Notice how I put wizards first?
See, Russians love cops and criminals, a taste engendered by Soviet culture. Soviet good cops were agents of the benevolent state and Soviet lovable criminals were noble revolutionaries. Now, with the state and militia (the police) are regarded as corrupt the actual criminals rose in popularity and the good cops are now tragic heroes who Do Their Duty despite the bleak present and even bleaker future. Night Watch is this: the Good vs Evil conflict is neverending, the magic system is inherently unfair, the alignments don't mean dick and the heroes are brooding and drinking vodka in their spare time. Fans praise the author's skill in conveying the characters' existential boredom: if the reader is bored out of their mind, that's one design goal accomplished. (The movies are quite good, though.)
Oh, and Perumov's main series is also about magic cops.
There's also a book the moral of which is essentially "the Internet is NOT REAL!!! Be yourself!!!". i.e. the following multiplied by -1:
You have a woman who, in real life, weighs 400 pounds and has a thick, neatly-trimmed beard. But she has a heart of gold. A thousand miles away you have a guy with three eyebrows and a hairlip. In reality, he lives in a trailer with his 14 cats. In the metaverse, he lives in a stone palace with 14 magical flying cats. They marry, the woman showing herself as a beautiful princess, the man a handsome prince. What do they lose by not meeting in the flesh (or "meating" as they will call it)?
(...)
Can anyone prove that such a marriage would be less "real" than the ones we have now? Are not economic hardship and increasingly unattractive, flabby bodies the main (though often unspoken) reason couples spend more and more time badgering each other as the years wear on? Neither, in a perfect world, should be valid reasons to kill off the flower of romantic love. So doesn't the metaverse actually remove a layer of bullshit in that case? Doesn't the symbolic princess with her fair skin and spill of blonde hair more accurately represent the kindness of the aforementioned woman than the bloated body life really gave her? So, why not use it instead?
sauce
The hero is an Ubermensch, his girlfriend is smokin' hawt, she's a prostitute-but-not-really (see, it's cool and manly to bang a prostitute, but a noble Russian can't marry one, so she's really a noble researcher of the base nature of other, filthy humans) and they have magic powers in virtual reality because they go online as themselves (unlike the fugly retarded masses whose avatars don't look like themselves, thus no powarz). Oh and the Internet is exclusively made of fail the retarded masses produce and perverted porn the retarded masses fap to (the hero, by contrast, makes highly spiritual perfect virtual Love).

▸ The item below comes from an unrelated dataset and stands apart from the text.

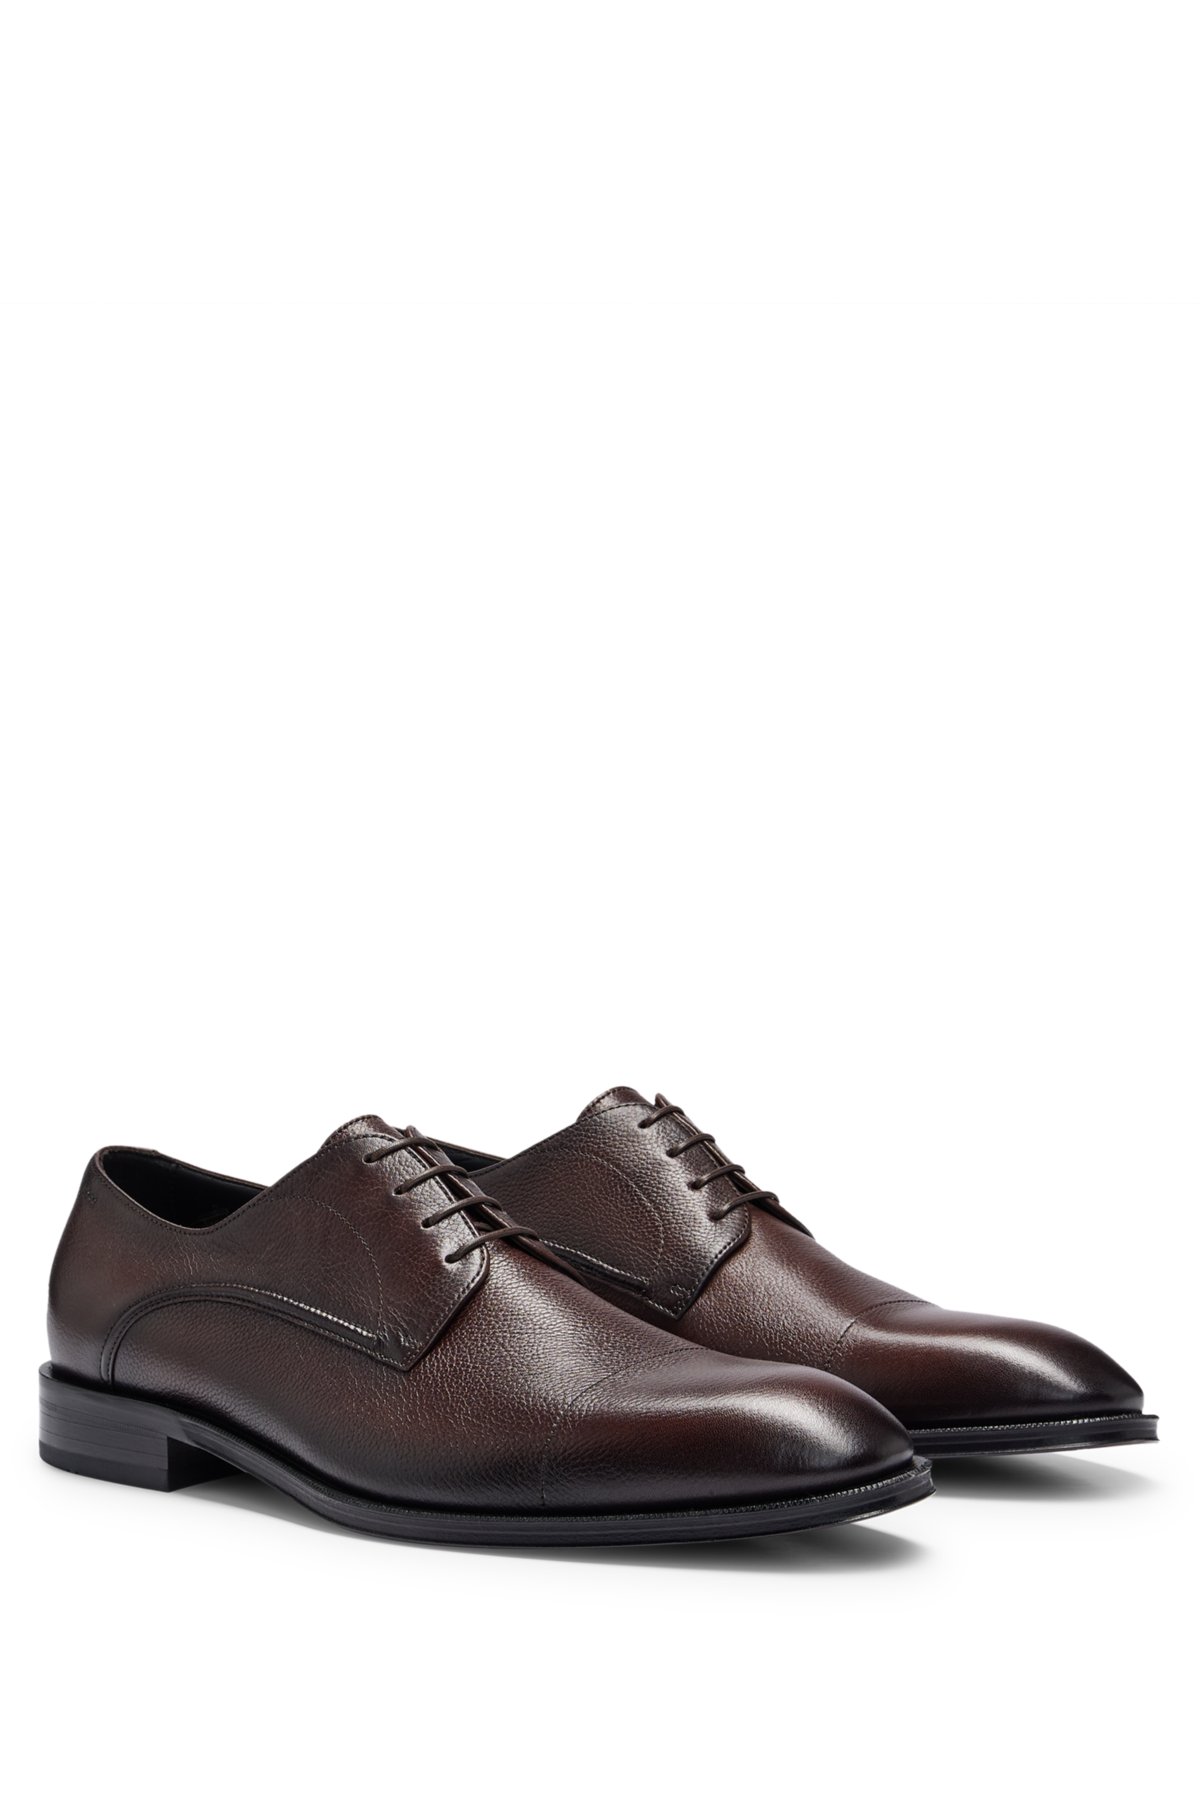 BOSS - Grained-leather Derby shoes with cap toe

Note: this was 100 years ago and I don't keep track of recent proceedings because people who write such drivel are statistically unlikely to write anything worth my time.

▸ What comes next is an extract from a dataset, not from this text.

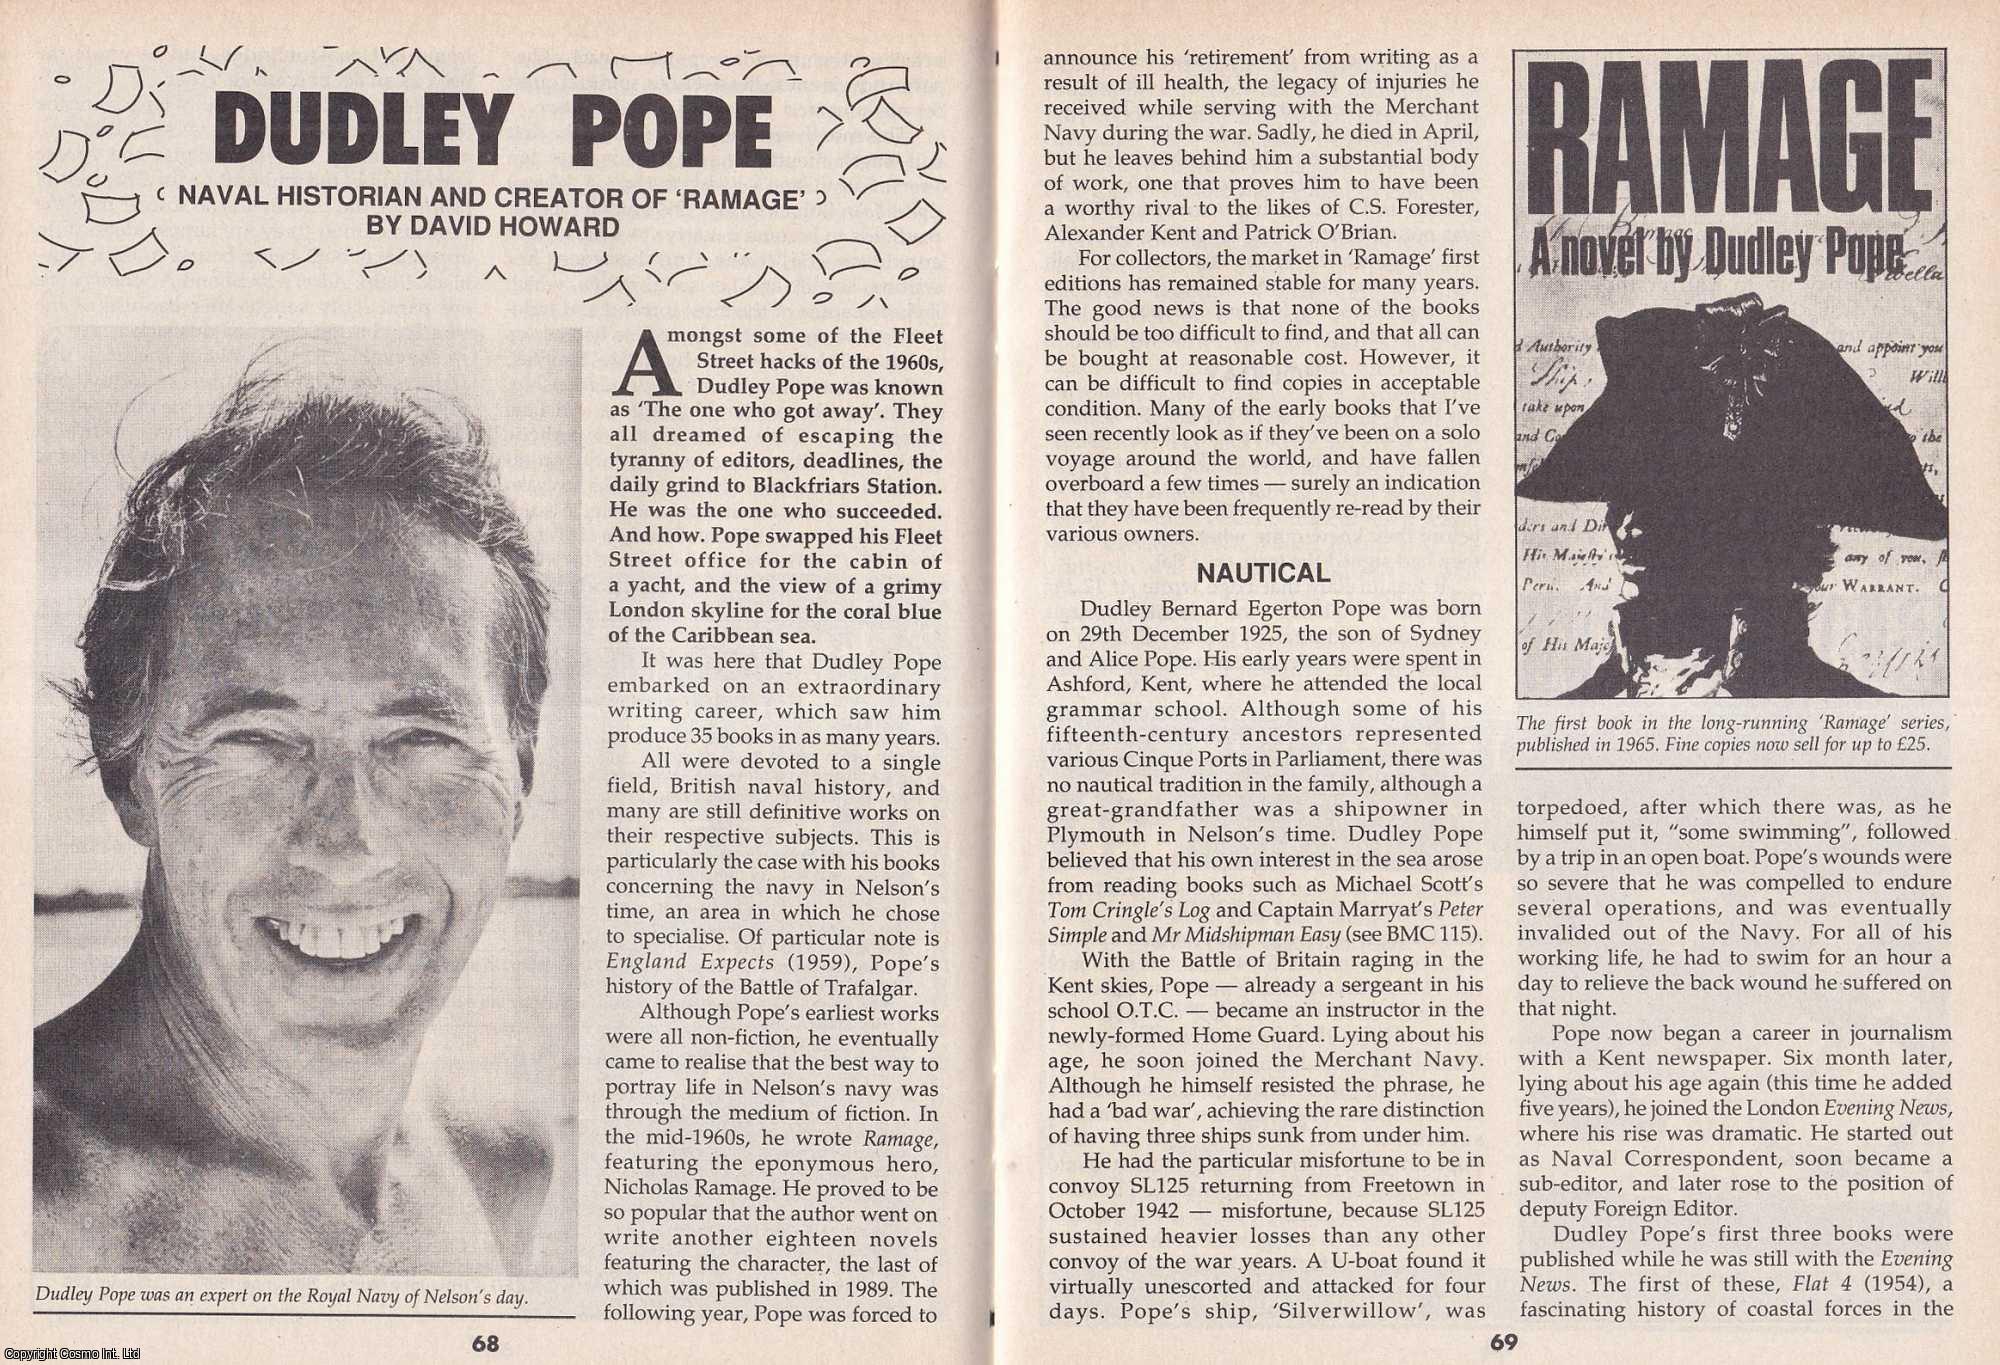 David Howard - Dudley Pope : Naval Historian and Creator of Ramage. This is an original article separated from an issue of The Book & Magazine Collector publication, 1997.

Also, Perumov verbally attacked my awesome singer friend for not wanting to pump out children for Mother Russia
despite her being biologically male.
Lukyanenko claimed Americans intentionally buy Russian children to murder them and when his fans en masse told him he was
being retarded "not quite correct" he threw a hissyfit and Left Livejournal Forever.
Jerk is as jerk does.
TL;DR: Lukyanenko is the better writer of the two (except when he tried to imitate the Soviet star Bulychov and the sorry end result was some children's fantasy full of plot holes insulting the reader's intelligence), so if it's a co-written book (probably No Time for Dragons), he's not likely to make it any worse.